RDFLib / rdflib

RDFLib is a Python library for working with RDF, a simple yet powerful language for representing information.
https://rdflib.readthedocs.org
BSD 3-Clause "New" or "Revised" License
2.14k stars 555 forks source link

Unusually high memory consumption in SPARQL query #2147

Closed karlb closed 3 weeks ago

karlb commented 1 year ago

I am having problems with queries being killed due to exceeding the available memory on my machine. I'm using rdflib-hdt to work on a 70MB HDT file and don't see how querying that file could reasonably use up more than 10GB of RAM memory. Is there a way to deal with such a situation other than just writing simpler queries? Any way as a user to find out where the problem comes from (in an SQL query plan I would look for things like large sort buffers)?

The query I'm using is

    SELECT ?lexentry ?other_form
    WHERE {
        ?lexentry a ontolex:LexicalEntry ;
                  ontolex:otherForm ?other_form .

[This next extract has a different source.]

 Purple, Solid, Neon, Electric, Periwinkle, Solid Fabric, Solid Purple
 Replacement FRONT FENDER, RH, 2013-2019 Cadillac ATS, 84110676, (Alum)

        ?other_form ontolex:writtenRep ?other_written .
        OPTIONAL { ?lexentry lexinfo:partOfSpeech ?pos }

        OPTIONAL { ?other_form olia:hasMood ?mood }
        OPTIONAL { ?other_form olia:hasNumber ?number }
        OPTIONAL { ?other_form olia:hasPerson ?person }
        OPTIONAL { ?other_form olia:hasTense ?tense }
        OPTIONAL { ?other_form olia:hasVoice ?voice }

        OPTIONAL { ?other_form olia:hasCase ?case }
        OPTIONAL { ?other_form olia:hasInflectionType ?inflection }
        OPTIONAL { ?other_form olia:hasDefiniteness ?definiteness }
        OPTIONAL { ?other_form olia:hasGender ?gender }
    }

I can provide exact code and data to reproduce this, if it is of any help. I have executed the same query successfully on the same dataset in virtuoso.

Versions used:

Python 3.9.2
rdflib        6.2.0
rdflib-hdt    3.0

According to https://github.com/RDFLib/rdflib-hdt/issues/17#issuecomment-1296772401, the HDT-Store is unlikely to be the culprit.

karlb commented 1 year ago

Any feedback on this would be welcome, even it if is something like "what you do is a bad idea, because ...", "queries with many optionals are expected to use much memory in our current implementation" or "looks like a bug, but I don't have the time to look into it".

aucampia commented 1 year ago

@karlb we likely won't get time to look into performance any time soon, but if you have time to look at it, please do. We are always happy for pull requests.

It may be that other stores than the default one work better.

alessio-locatelli commented 1 month ago

@karlb Is this still a problem? Can you show pip freeze output and show a small reproducible example that I can copy and run? Otherwise, please close the issue.

karlb commented 3 weeks ago

I'm currently lacking the right input files to reproduce my case. I've deleted them locally to save disk space and they are not offered for download at the moment. I'll give an update once that changes and reopen if the problem still persists.